3. The legacy deployment problem

TalentFilter had been operating for eighteen months before the AI Act inventory exercise uncovered it. The Act applies to systems placed on the market or put into service, and contains transition provisions for pre-existing systems — but those provisions do not eliminate obligations, they only delay them until the transition deadline. What should Cornerstone do about the 2,400 applications screened by a system that may have lacked adequate bias testing or representativeness validation? Does the firm have any obligation to those applicants? How should this situation inform future AI procurement governance?

4. The tension between compliance timelines and operational continuity

The recommendation to suspend TalentFilter during active recruitment cycles illustrates a common tension in compliance programs: the right answer from a legal risk perspective (suspend the non-compliant tool) conflicts with the right answer from an operational continuity perspective (complete the hiring process). How should compliance programs structure decision frameworks for this type of conflict? What criteria should govern the decision to continue operating a potentially non-compliant AI system during a transition period?

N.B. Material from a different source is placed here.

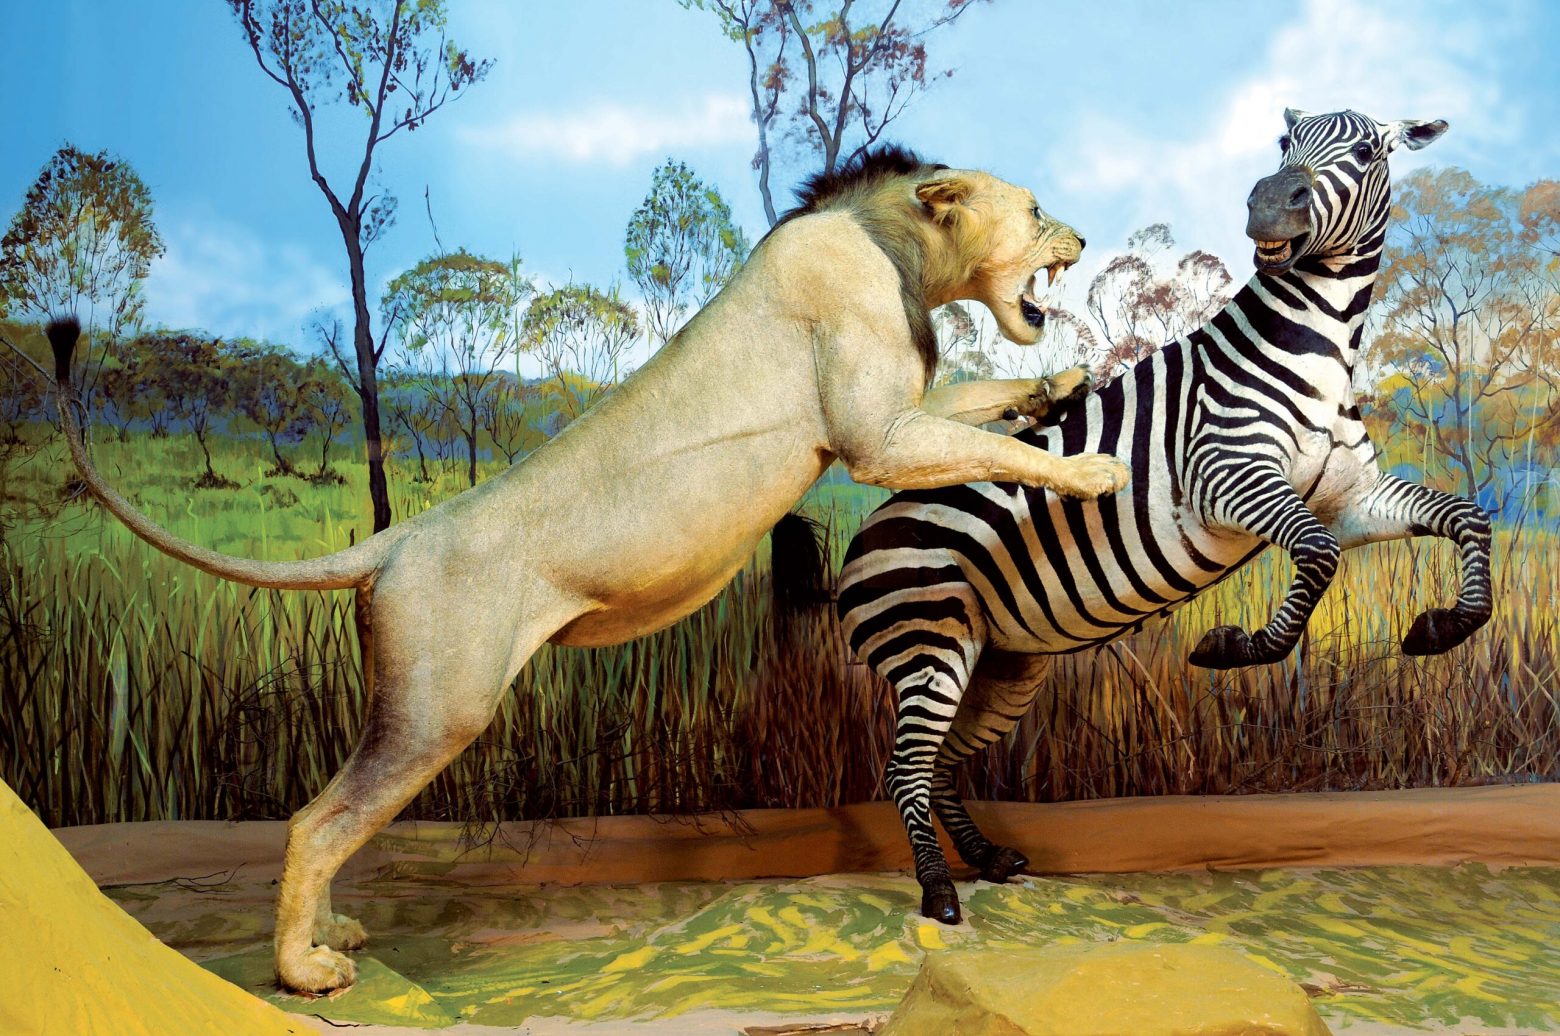 Μουσείο Ζωολογίας ΕΚΠΑ: Μια άγνωστη αλλά εντυπωσιακή συλλογή ανοίγει το Σαββατοκύριακο

5. The role of proportionality

The EU AI Act's high-risk framework applies uniformly to a small firm's single credit scoring model and a large bank's portfolio of forty-seven AI systems. Is this appropriate? How should a proportionality principle — if one were to be applied — affect the compliance obligations of smaller financial institutions? And does the Act's current structure (which permits self-assessment for most Annex III systems) already incorporate proportionality implicitly?